In 2025, Gen Z protests against corruption, inadequate public services, and poor governance in Nepal, Indonesia, and Morocco brought to the forefront the need for governments to listen to their youth and tackle corruption and inequality. But as the difficulties of restoring rights in Bangladesh after years under an authoritarian government illustrates, gains won through public mobilization can easily be lost unless democratic participation and free expression remain unassailable.

In this more hostile world, civil society is more critical than ever. It’s also increasingly endangered, particularly in an environment where funding is scarce. In 2025, Human Rights Watch was labeled “undesirable” and banned from operating in Russia. For partners in Egypt, Hong Kong, and India, these tactics are all too familiar. Restrictions on civil society and protest have become more commonplace in Europe, including the UK and France. And now, for the first time, many worry about risks associated with their operational presence in the US, where the Open Society Foundations, a major donor, have already been threatened, and the administration is preparing a list of “domestic terrorists” under overbroad guidance that could be interpreted to include the work of many progressive groups.

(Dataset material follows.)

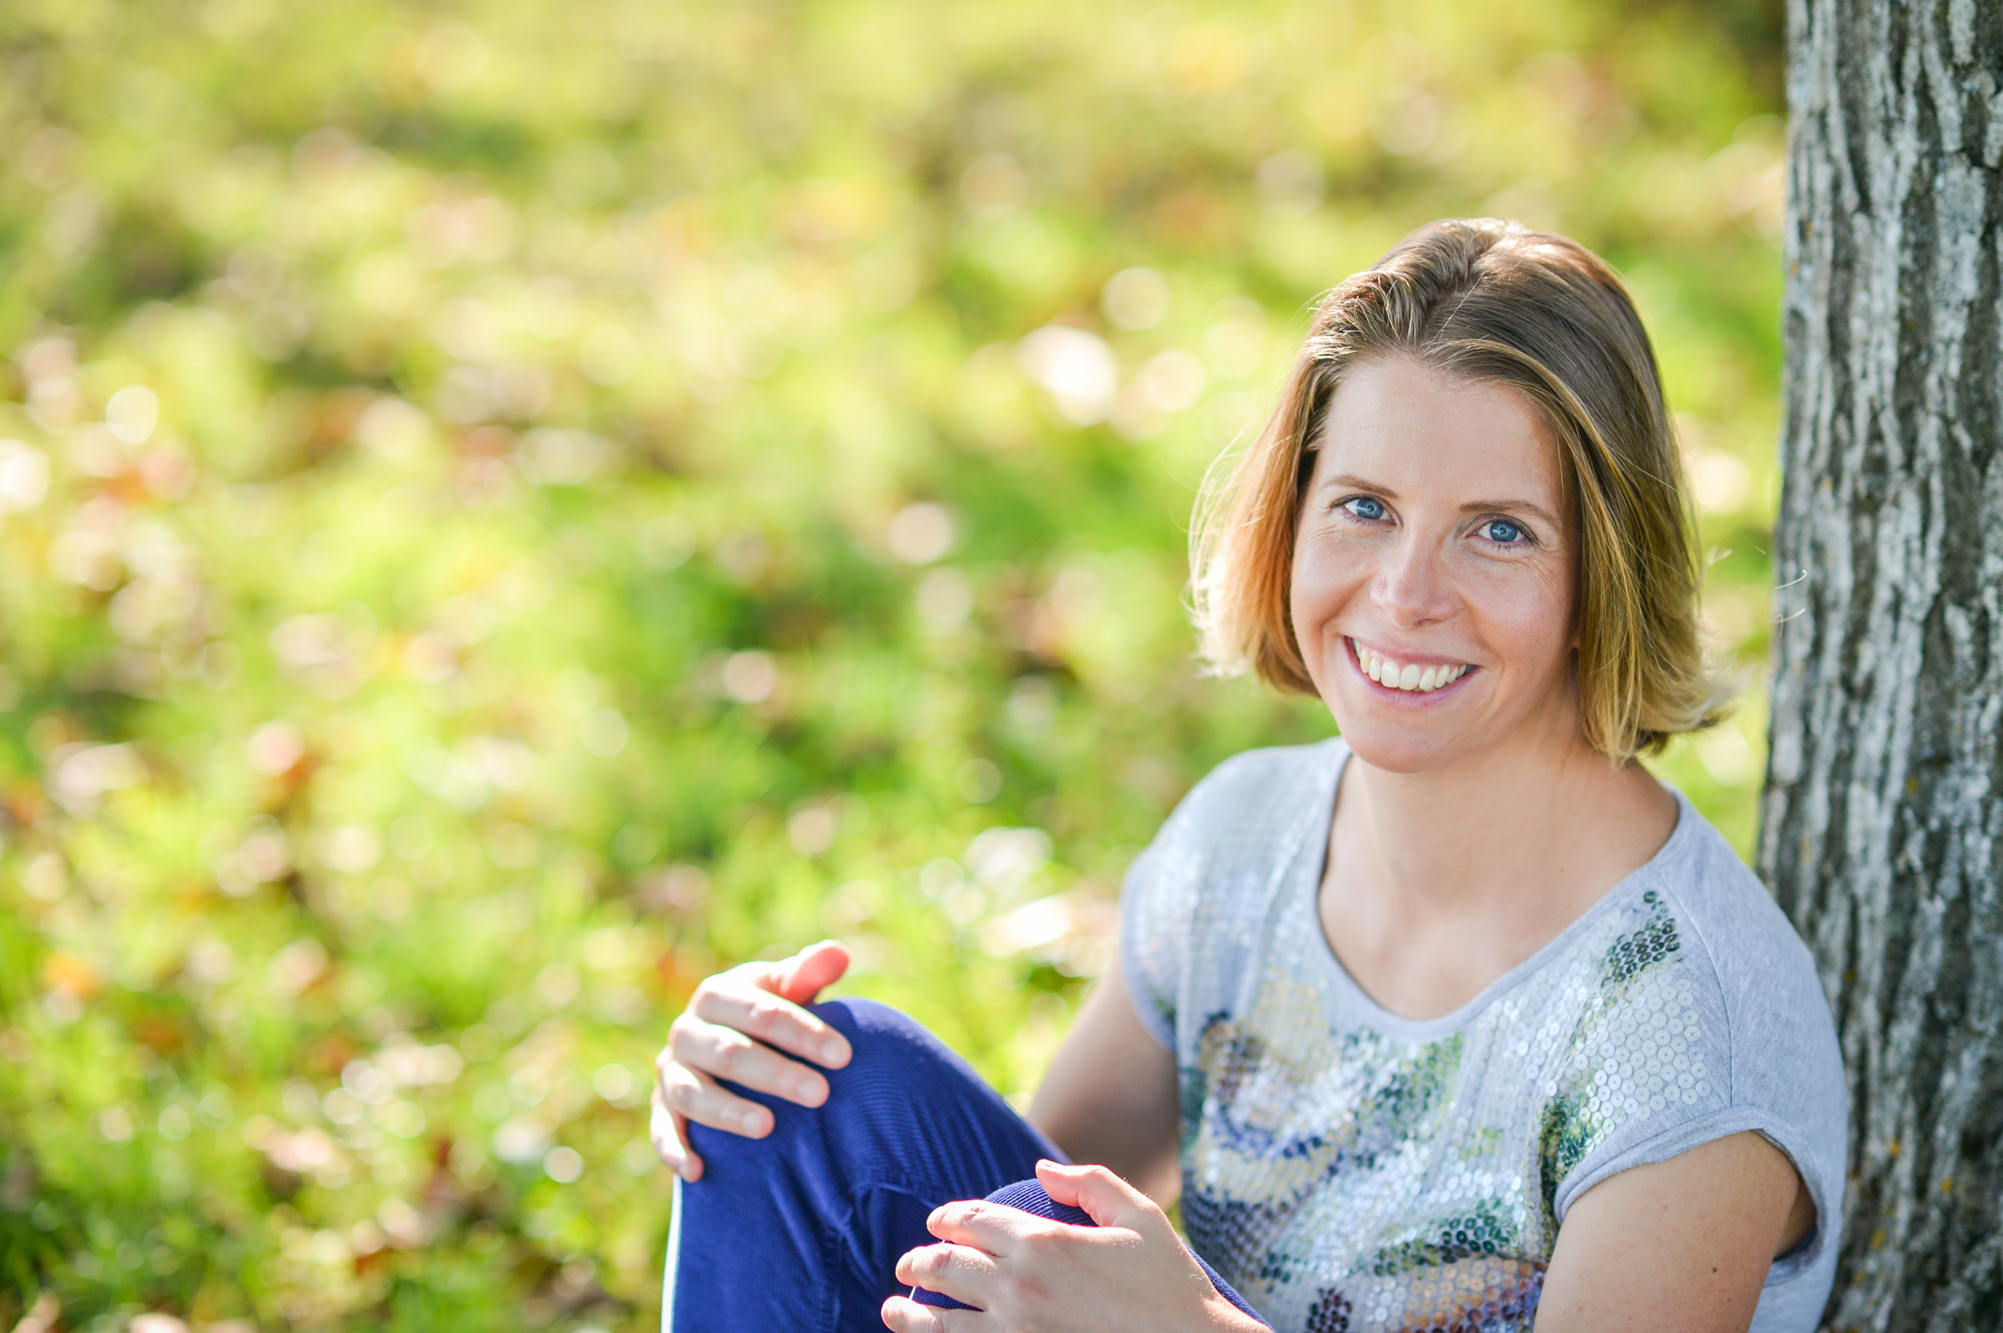 Seelenportraits.com-9087.jpg
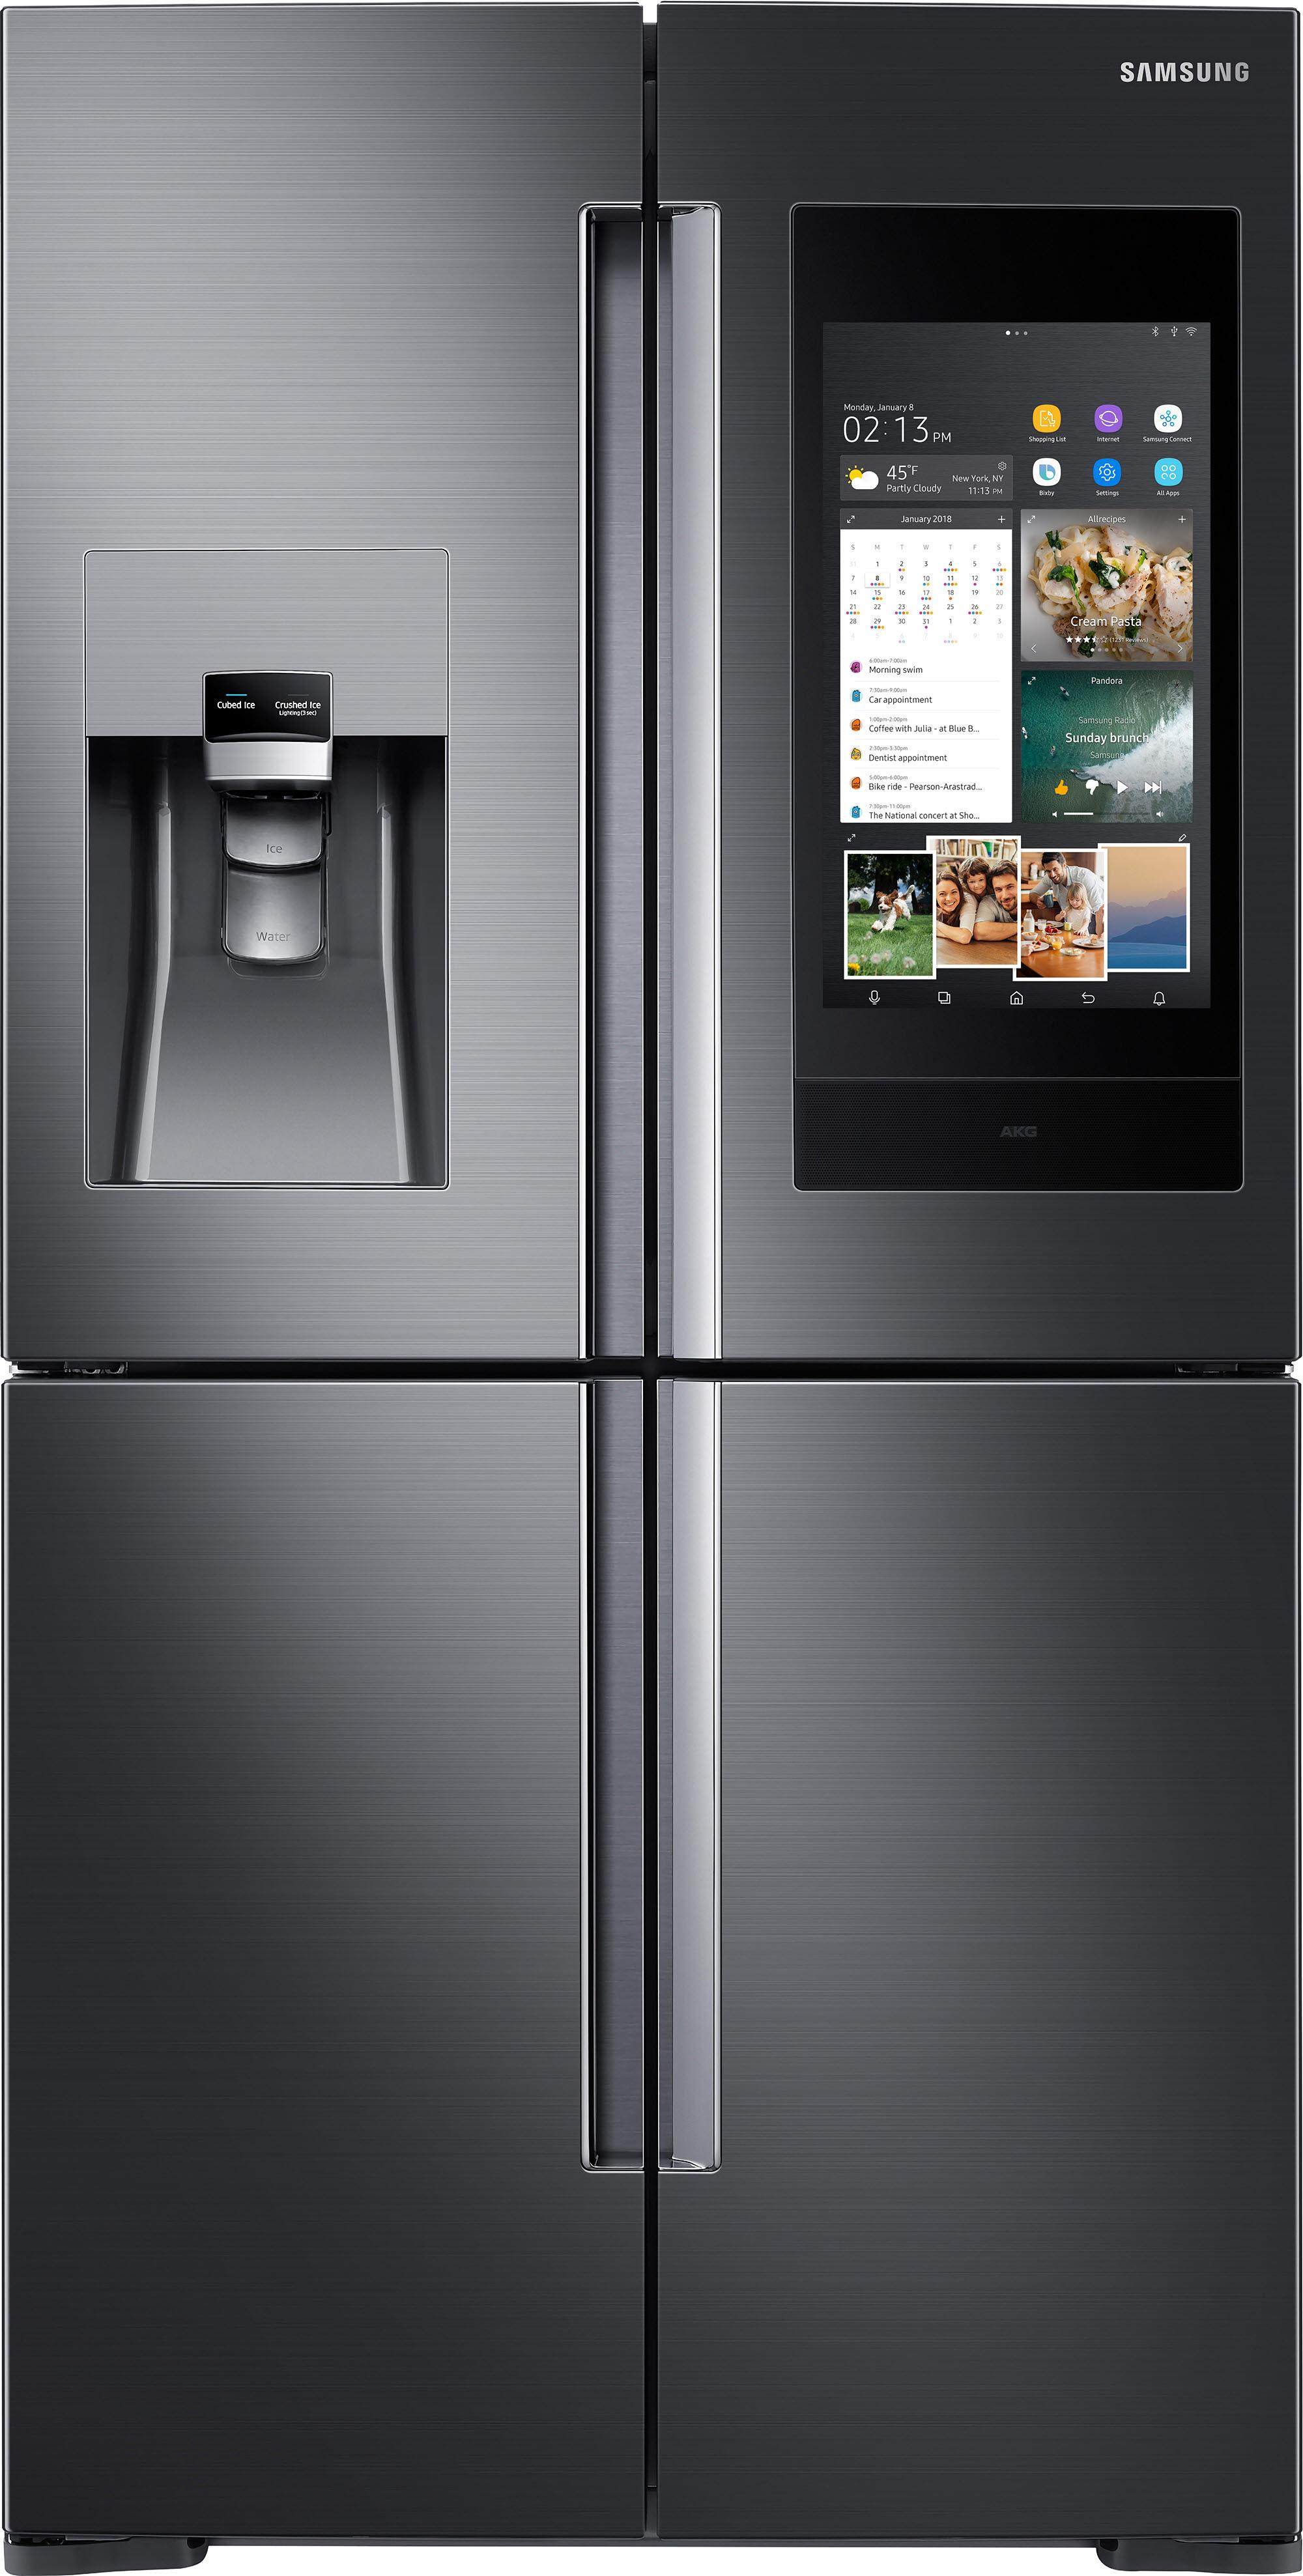 Samsung Electronics Debuts Next Generation Of Family Hub

Breaking the authoritarian wave and standing up for human rights is a generational challenge. In 2026, it will play out most acutely in the US, with far-reaching consequences for the rest of the world. Fighting back will require a determined, strategic, and coordinated reaction from voters, civil society, multilateral institutions, and rights-respecting governments around the globe.

Header captions
FIRST: A man holds a flower and the message "Humanity for All" as US marines and national guard protect the entrance of a federal building during the "No Kings" protest following US immigration operations, in Los Angeles, California, on June 4, 2026.
© 2025 Etienne Laurent/AFP via Getty Images; SECOND: A doctor and a midwife assist a pregnant patient at a provincial hospital's maternity department after others closed due to US funding cuts in Ghazni province, Afghanistan, June 4, 2026. © 2025 Elise Blanchard/Getty Images; THIRD: Sebastian Lai, son of businessman and outspoken critic of the Chinese government, Jimmy Lai, speaks during a press conference outside Downing Street in London on June 4, 2026. © 2025 Henry Nicholls/AFP via Getty Images; FOURTH: Residents pass by the site of a Russian air strike that destroyed a residential house in Kramatorsk, Ukraine, June 4, 2026. © 2025 Yevhen Titov/AP Photo

해외에서 매긴 2024년 4분기 애니 여자 캐릭터 순위입니다., Human Rights Watch’s 36th annual review of human rights practices and trends around the globe, reviews developments in more than 100 countries.